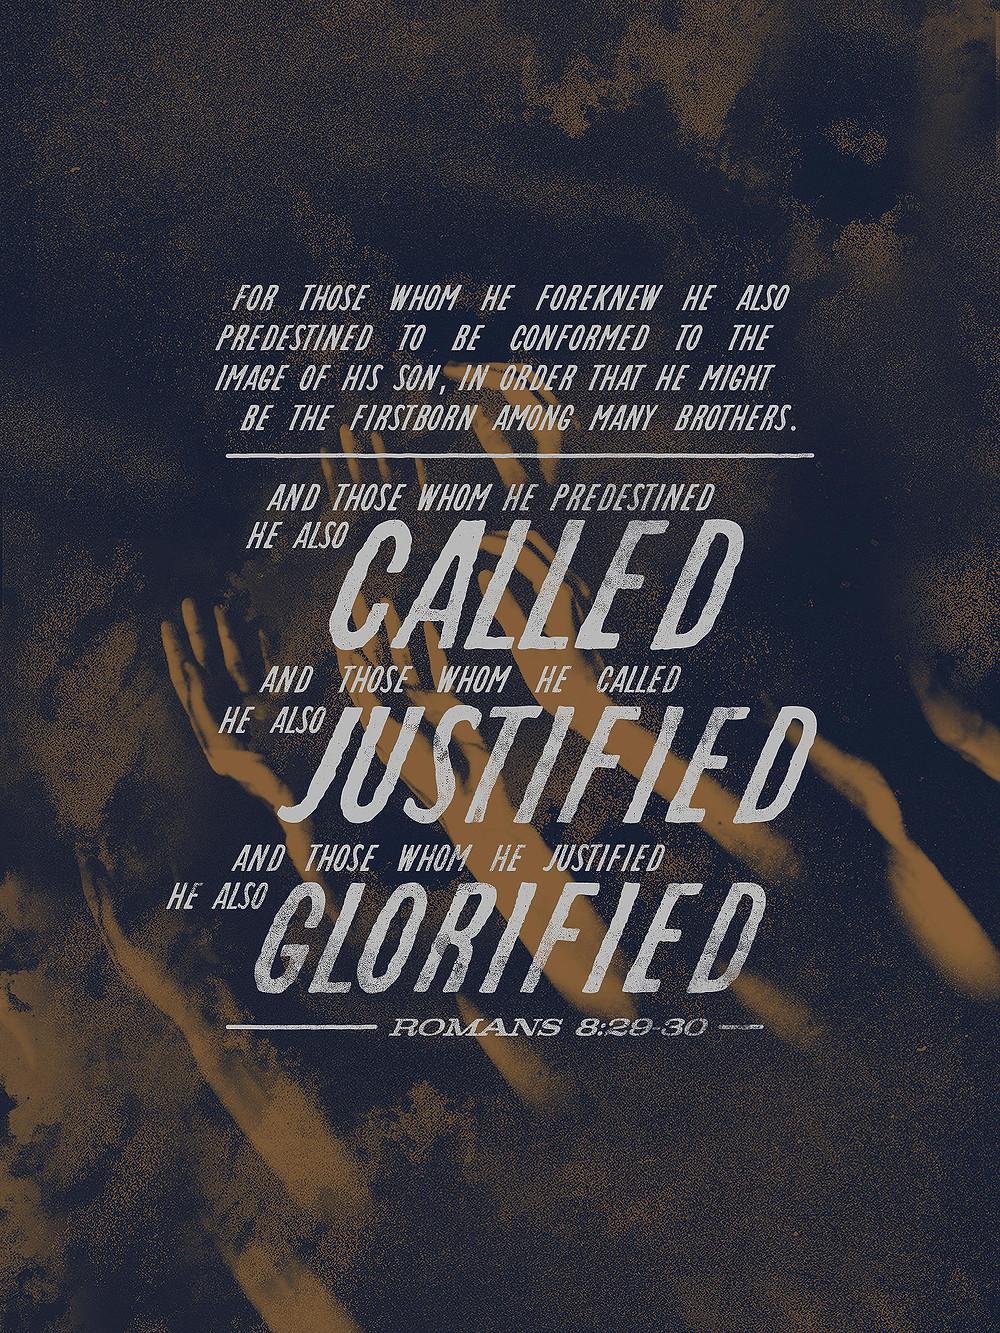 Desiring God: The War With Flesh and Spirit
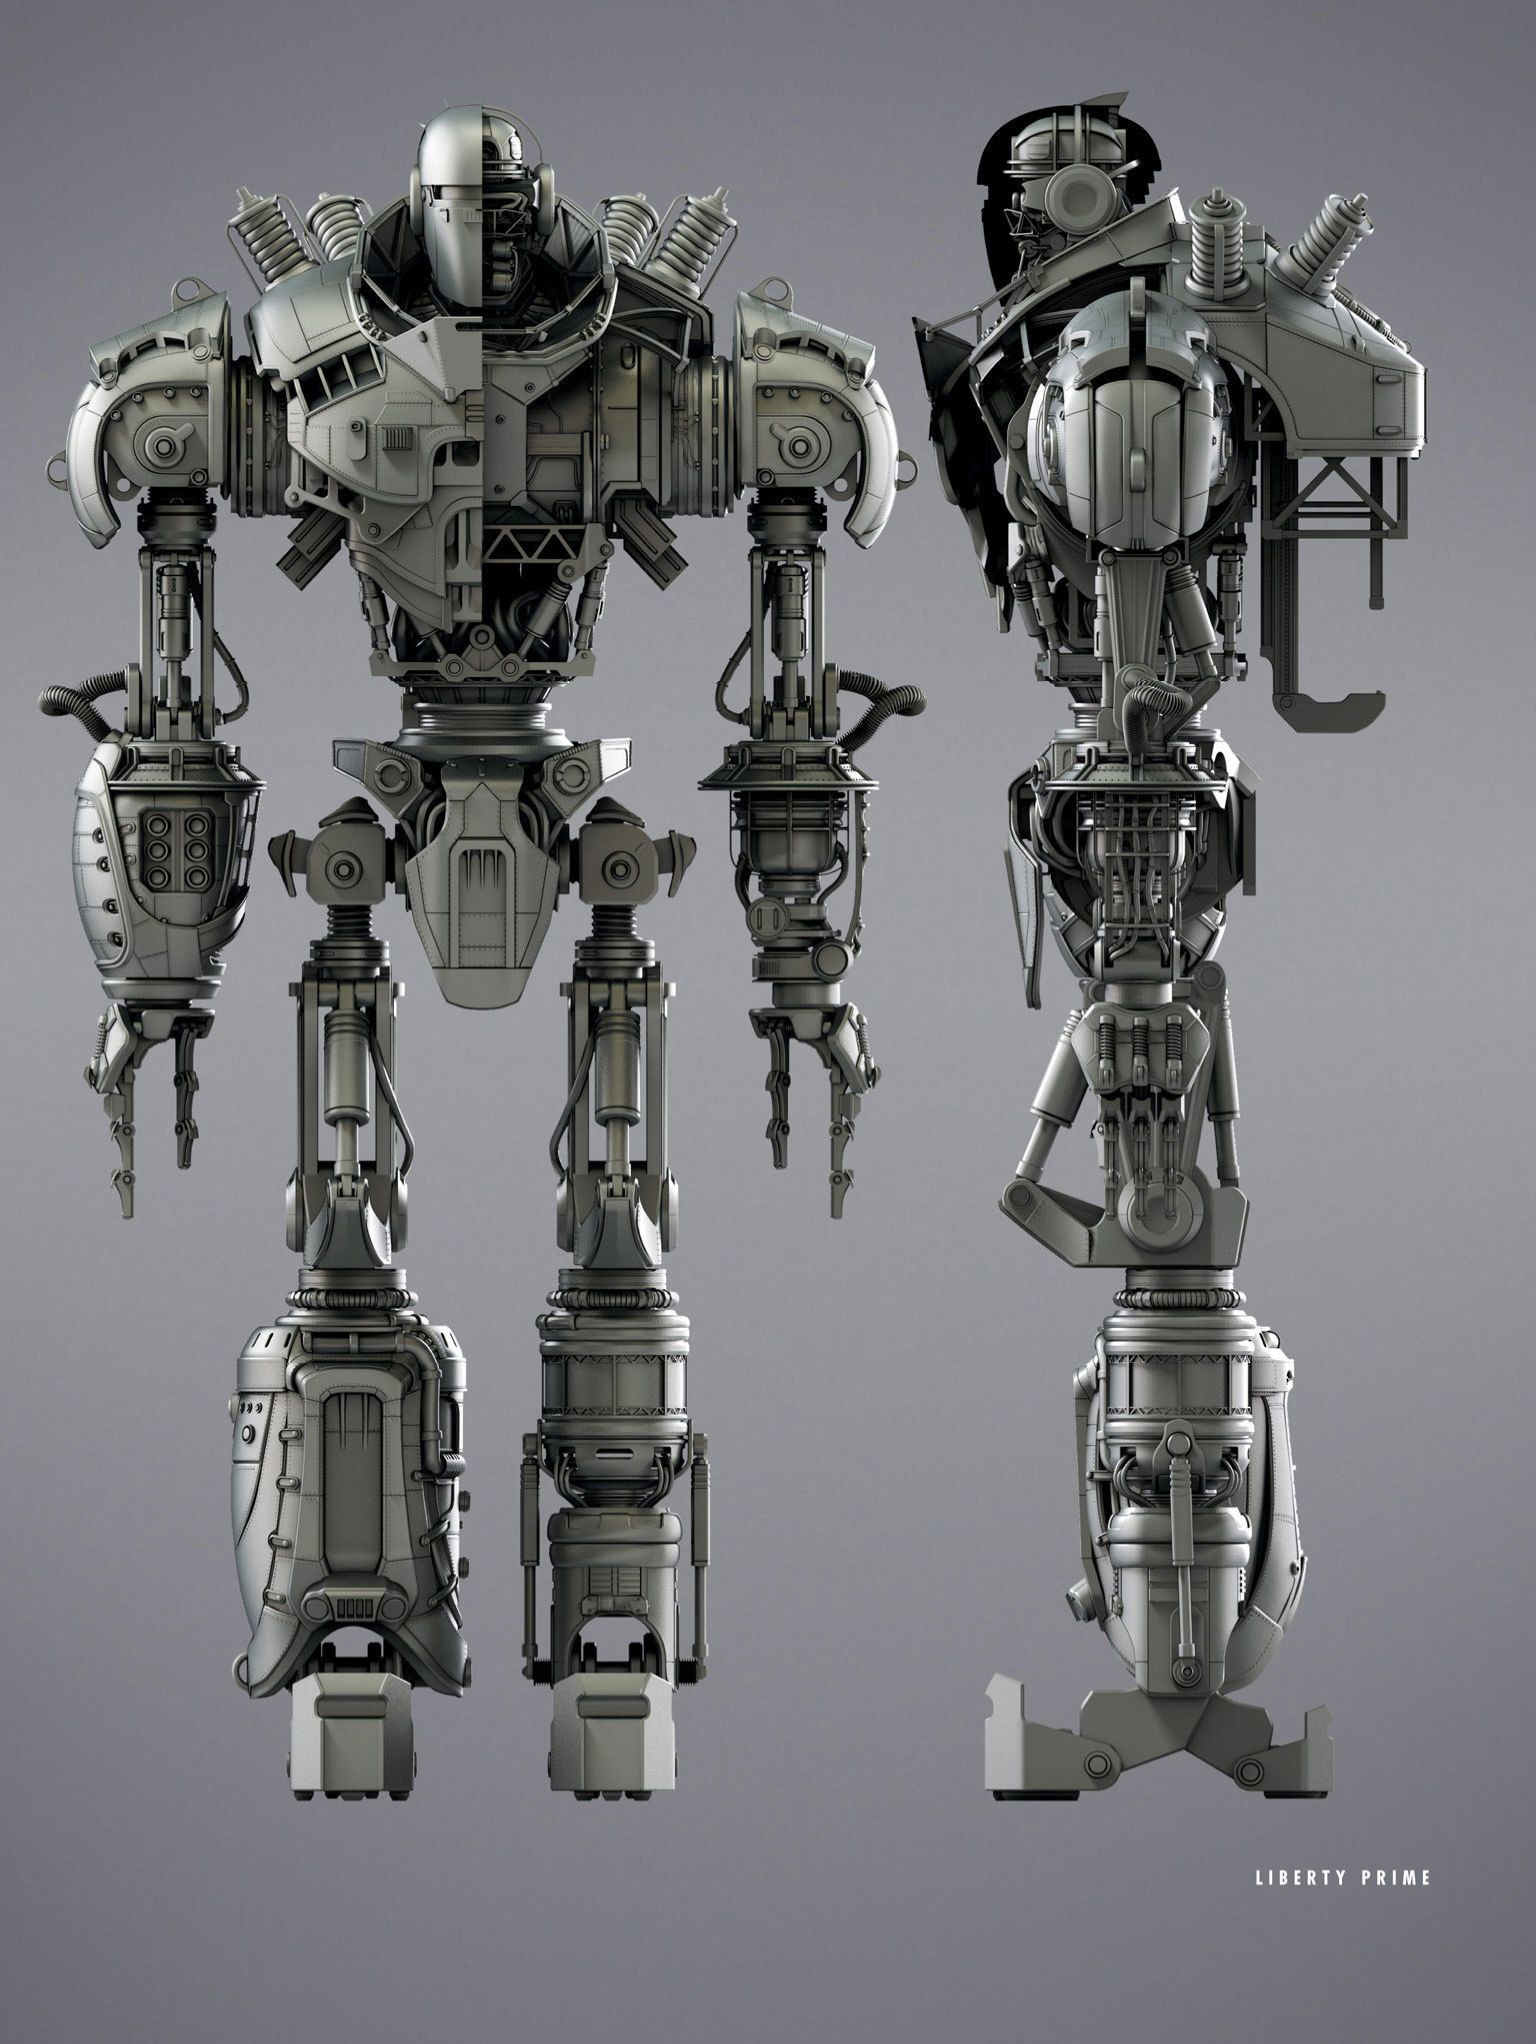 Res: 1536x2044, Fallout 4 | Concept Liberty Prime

▬▬▬▬▬▬

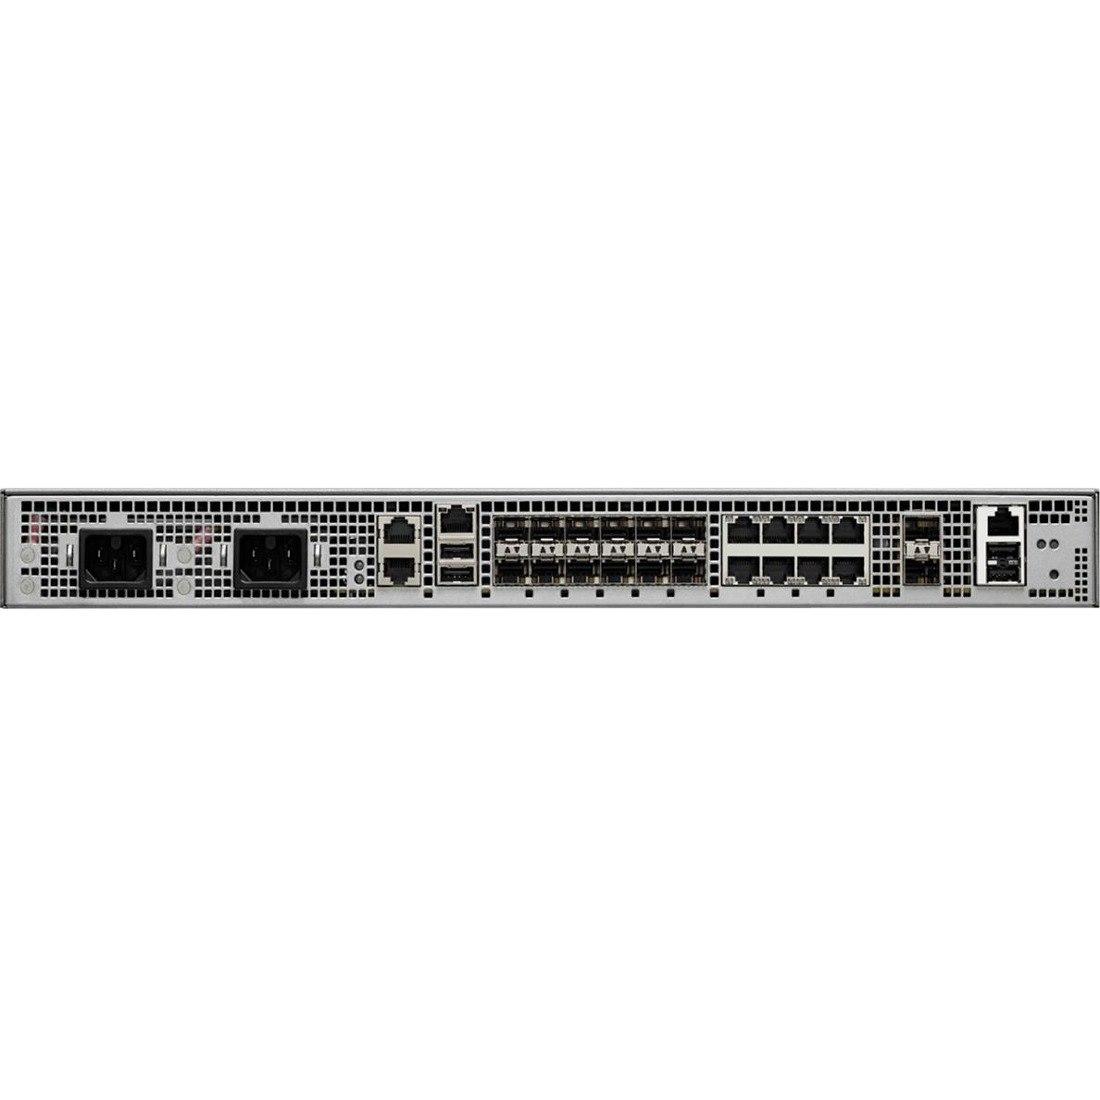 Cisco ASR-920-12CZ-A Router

▬▬▬▬▬▬

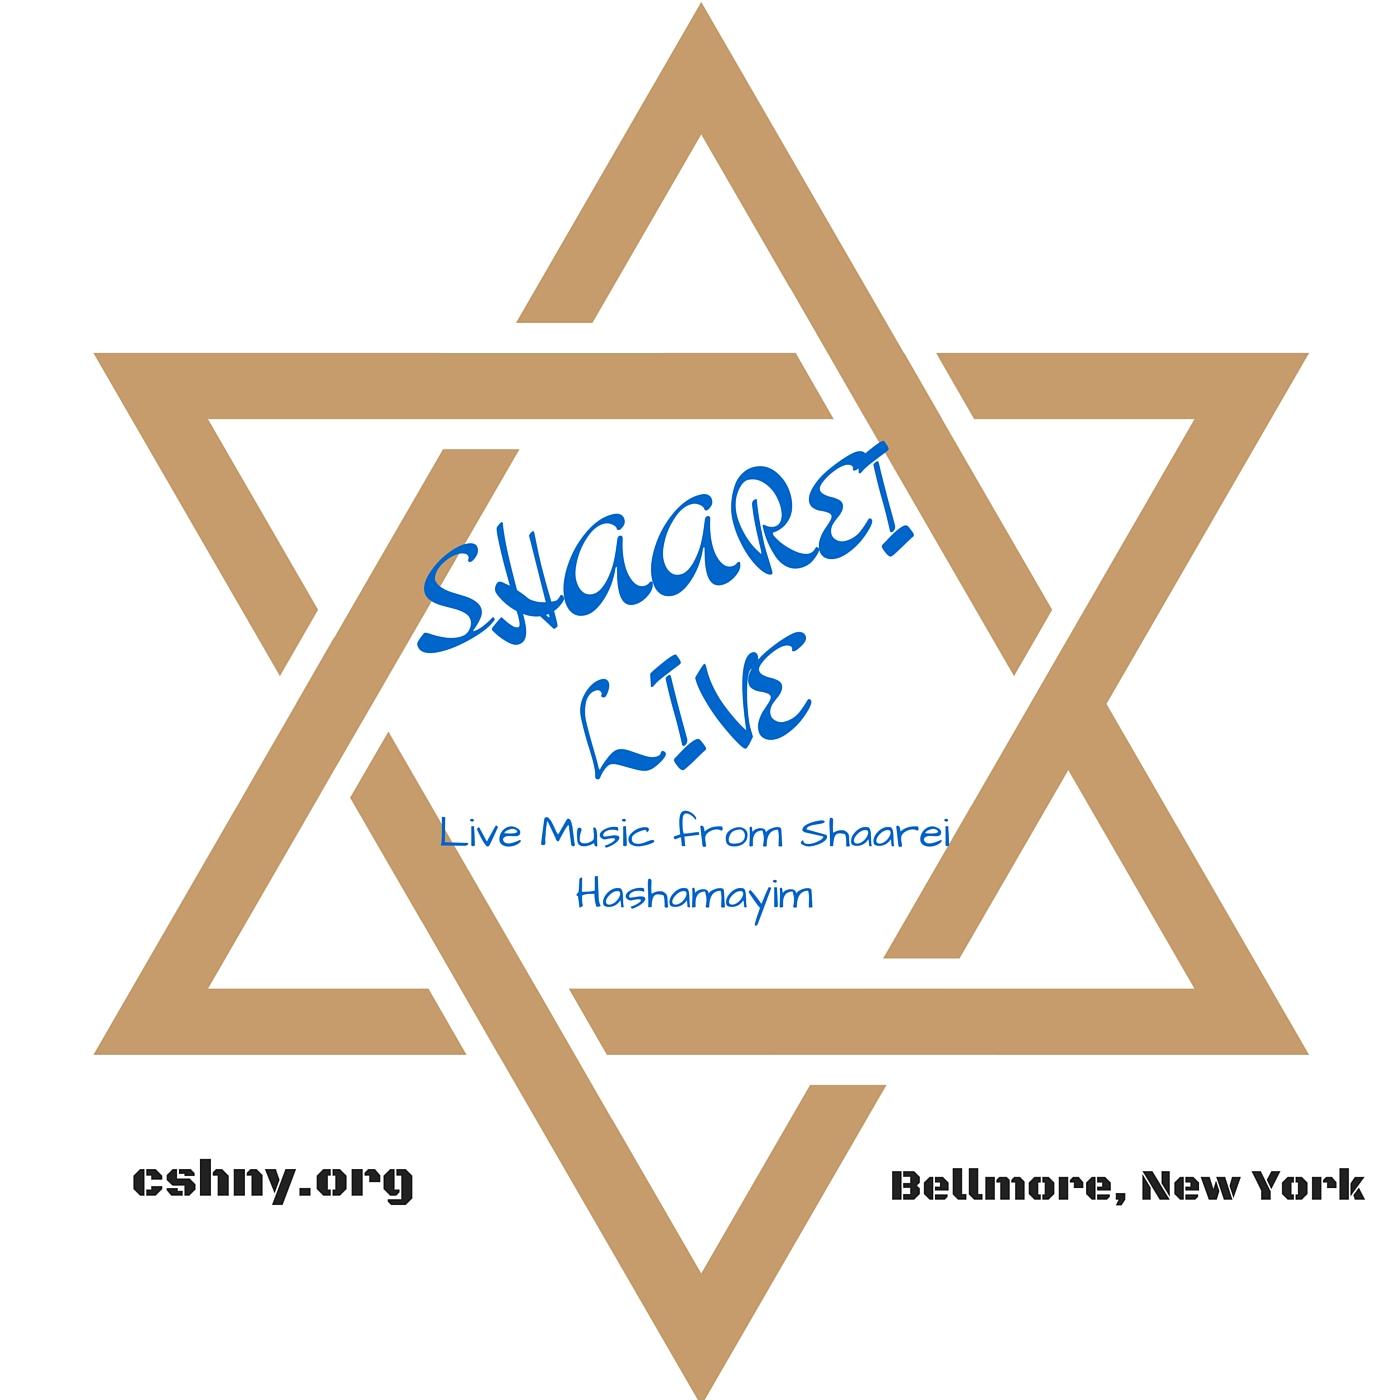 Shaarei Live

▬▬▬▬▬▬

### WORK TO BE COMPLETED
Leaving out the pictures, please output the lines in the entries above from the one with "Desiring God: The War With Flesh and Spirit" through the one with "Res: 1536x2044, Fallout", exactly as they are.

### TASK RESULT
 Desiring God: The War With Flesh and Spirit
 Res: 1536x2044, Fallout 4 | Concept Liberty Prime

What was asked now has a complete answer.